European nations broaden police powers

A draft British law would allow terrorism suspects to be detained without trial.

Governments across Europe are toughening their security laws in the wake of Sept. 11, causing concern among civil liberties activists that the laws will go too far in curtailing freedoms.

The British government this week proposed detaining some terrorist suspects indefinitely without trial, on the grounds of a "national emergency," as part of a Draconian new law to broaden police powers.

The German parliament is soon due to debate a new law, widening the scope of police investigations of suspected terrorists, and France recently adopted a law that gives police greater freedom of action.

European rights activists share their American counterparts' concern that the "war on terrorism" will curb civil liberties on their side of the Atlantic, too.

The British legislation "undermines basic principles of justice and freedom" and "punches a hole in our constitutional protections," complains John Wadham, director of Liberty, Britain's leading civil-liberties organization.

"We do need to take measures against terrorist attack, but these measures [in the French law] will not be effective," adds Jean-Pierre Dubois, vice president of the French Human Rights League.

Under the British law, to be debated in Parliament next week and due to be passed by Christmas, the government would declare a state of emergency, allowing it to opt out of one article of the European Convention of Human Rights.

That convention forbids a key element of the new legislation - a plan to detain indefinitely foreign terrorist suspects who cannot be deported. Presenting the bill to Parliament yesterday, Home Secretary David Blunkett said it contained "proportionate and targeted measures, which will ensure and safeguard our way of life against those who would take our freedom away."

Some 20 people are likely to be jailed under the law, government officials say. Similar measures were taken against a handful of Iraqi citizens during the Gulf War, and about 2,000 Irish Republican Army suspects were held without trial during the 1970s in Northern Ireland.

Foreigners on a government list of terrorist suspects will be jailed by a special commission, headed by a senior judge, for renewable six-month periods. The judge will have the authority to bar the suspects and their attorneys from the hearings when the intelligence services present the evidence against them. "The number of people concerned is not the issue," says Mark Littleford, campaigns director for Liberty. "The problem is the matter of principle. The government is seeking to get around the need for substantial evidence."

Among other measures, the bill also introduces a new crime - incitement to religious hatred - carrying a maximum penalty of seven years' imprisonment, which civil-liberties activists fear could curb free speech.

Antinuclear campaigners are worried by a clause dealing with nuclear facilities that would make it a crime to publish the details of the movement of nuclear-waste trains.

In Germany, where a number of the alleged ringleaders of the Sept. 11 plot lived and studied for several years, the government is planning new steps to strengthen its antiterrorist legislation.

Parliament has already passed a law giving the authorities the power to ban organizations using their religious status for criminal ends, and is due to consider further measures soon.

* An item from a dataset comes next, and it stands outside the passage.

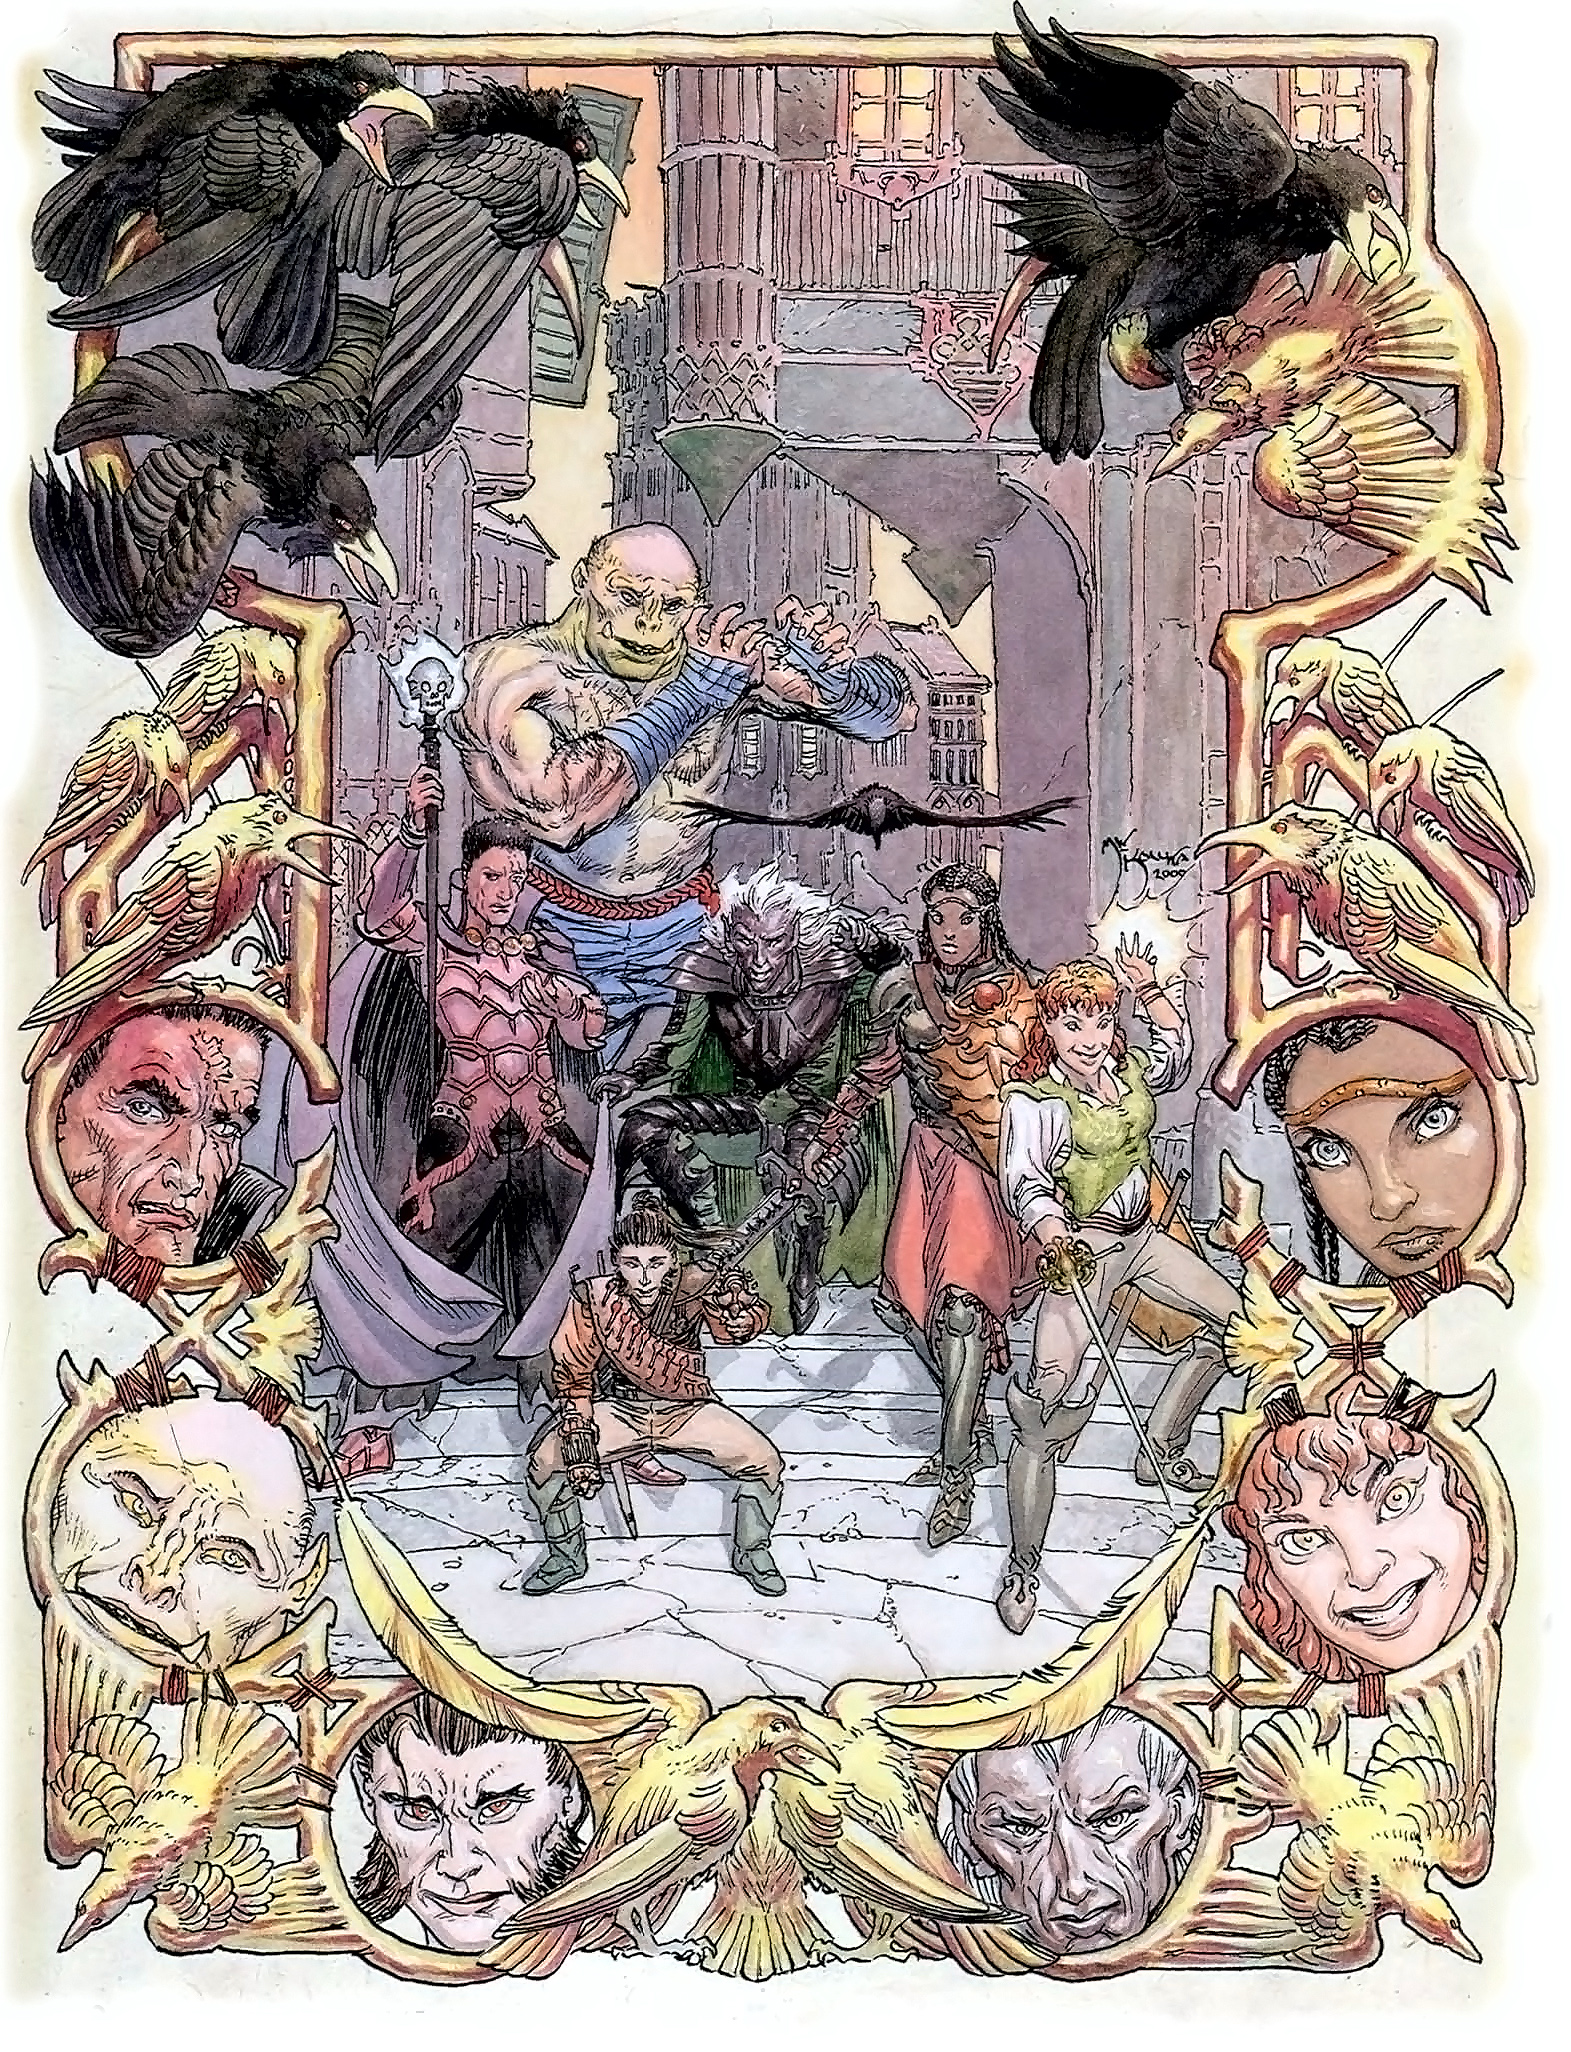 d&d dark elf half-elf half-orc halfling Drow, halfling, mezzelfo, mezzorco... TSR - Polyhedron Magazine #145 (2000-12) © Wizards of the Coast & Hasbro
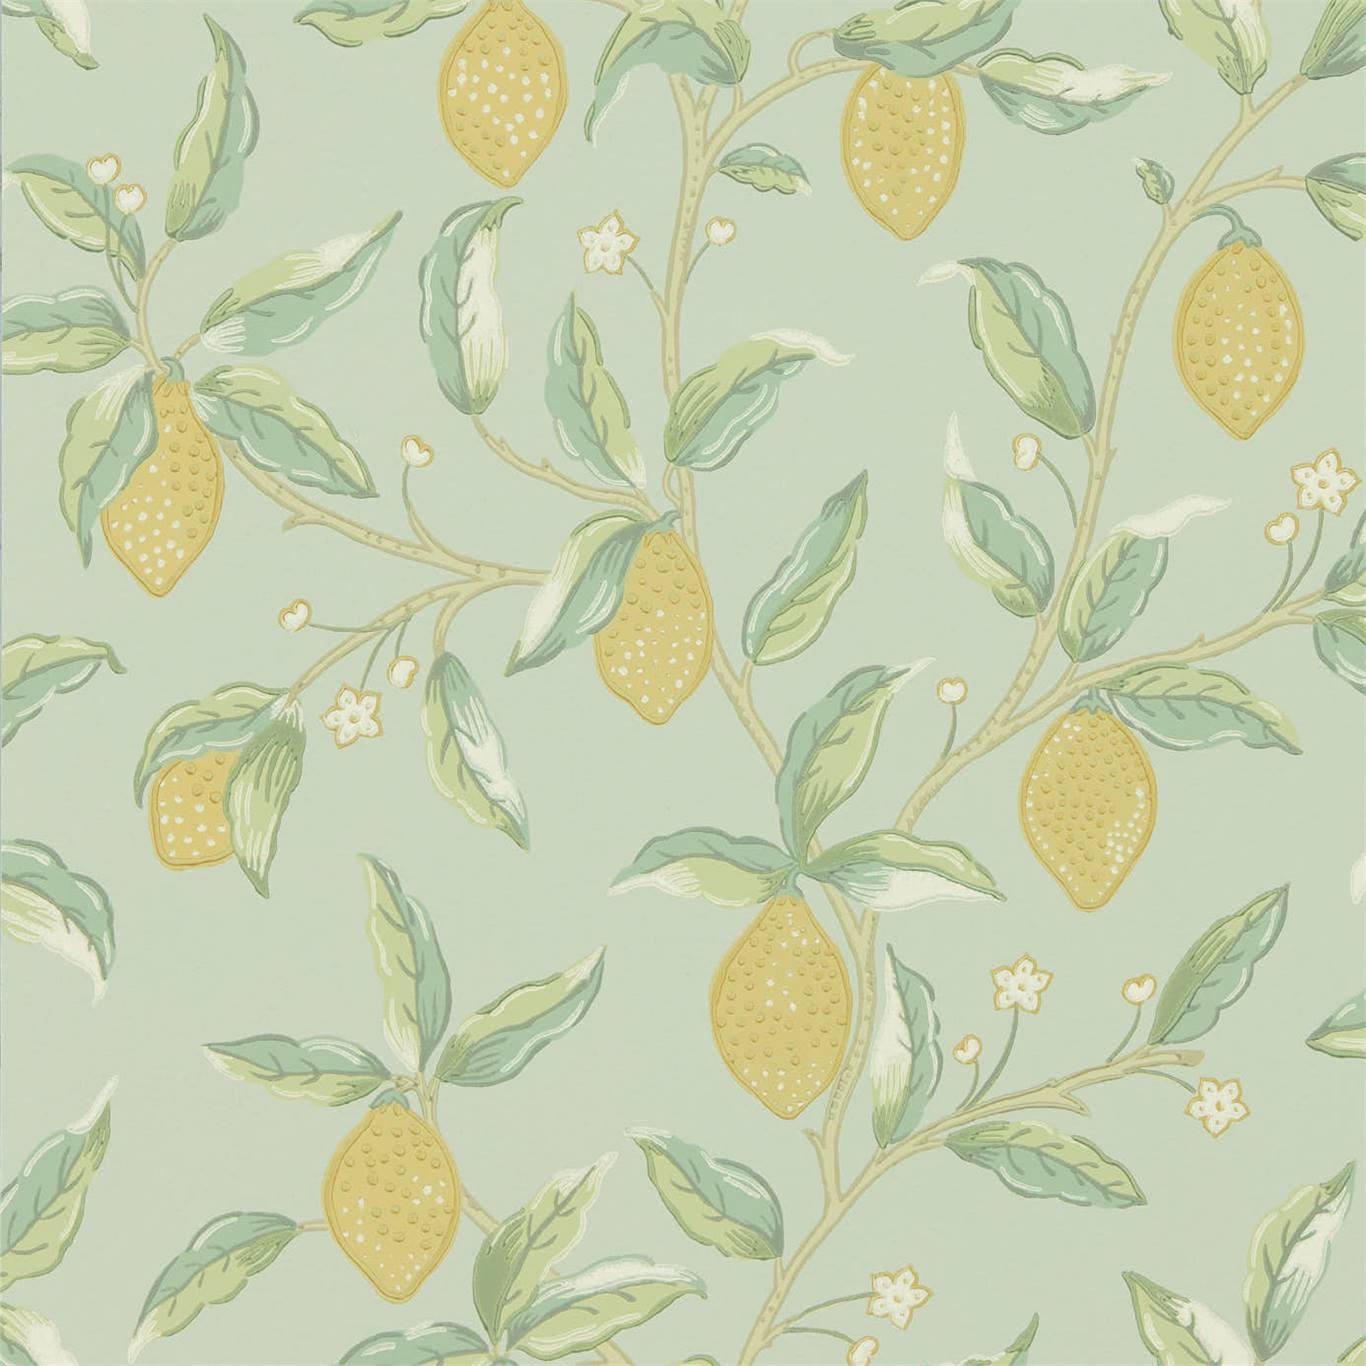 Tapet William Morris Lemon Tree 216673

Security legislation is especially sensitive in Germany, both because there are 7 million foreigners there, and because of the country's experience of totalitarianism. "People are very cautious about anything to do with identity cards and police powers," says Cem Ozdemir, a spokesman for the Green party, the junior coalition partner in the government. "There is always a tendency to see if something reminds us of our history."

Germany's proposed legislation would make it easier for the authorities to deport suspected terrorists, broaden the federal police force's investigative powers, and introduce new, more detailed identity cards, incorporating biometric elements.

The Greens fought hard to keep even harsher provisions out of the legislation and say they will oppose any move to put citizens' photos on the new ID cards.

With closed-circuit surveillance cameras a common feature in public places, "faces on ID cards would mean we would have a George Orwell state," worries Mr. Ozdemir. "It is not the business of the state to see who is going where when."

In the wake of the terrorist attacks on New York and Washington, the French government hastily tacked new provisions onto a security bill to widen police powers of search. They may now search car trunks at will, and do not need to go to an investigating magistrate to get a warrant to search houses or business premises.

Though minor compared with the changes envisioned in British law, these measures worry Mr. Dubois because of the way he expects them to be used.

"Police already do identity checks in a very discriminatory way, always checking people who look Arab, and we are concerned that these new measures will be enforced in the same way," Dubois says.

It is not certain, however, that all the new laws against terrorism envisioned in Europe will stand. A British High Court judge this week ordered a judicial review of a government decision to freeze the assets of a Saudi businessmen accused of financing terrorism.

"It is crucial," the judge told the court, that "when there are question marks about orders of this kind, which are of a Draconian nature, that they are properly tested in the courts."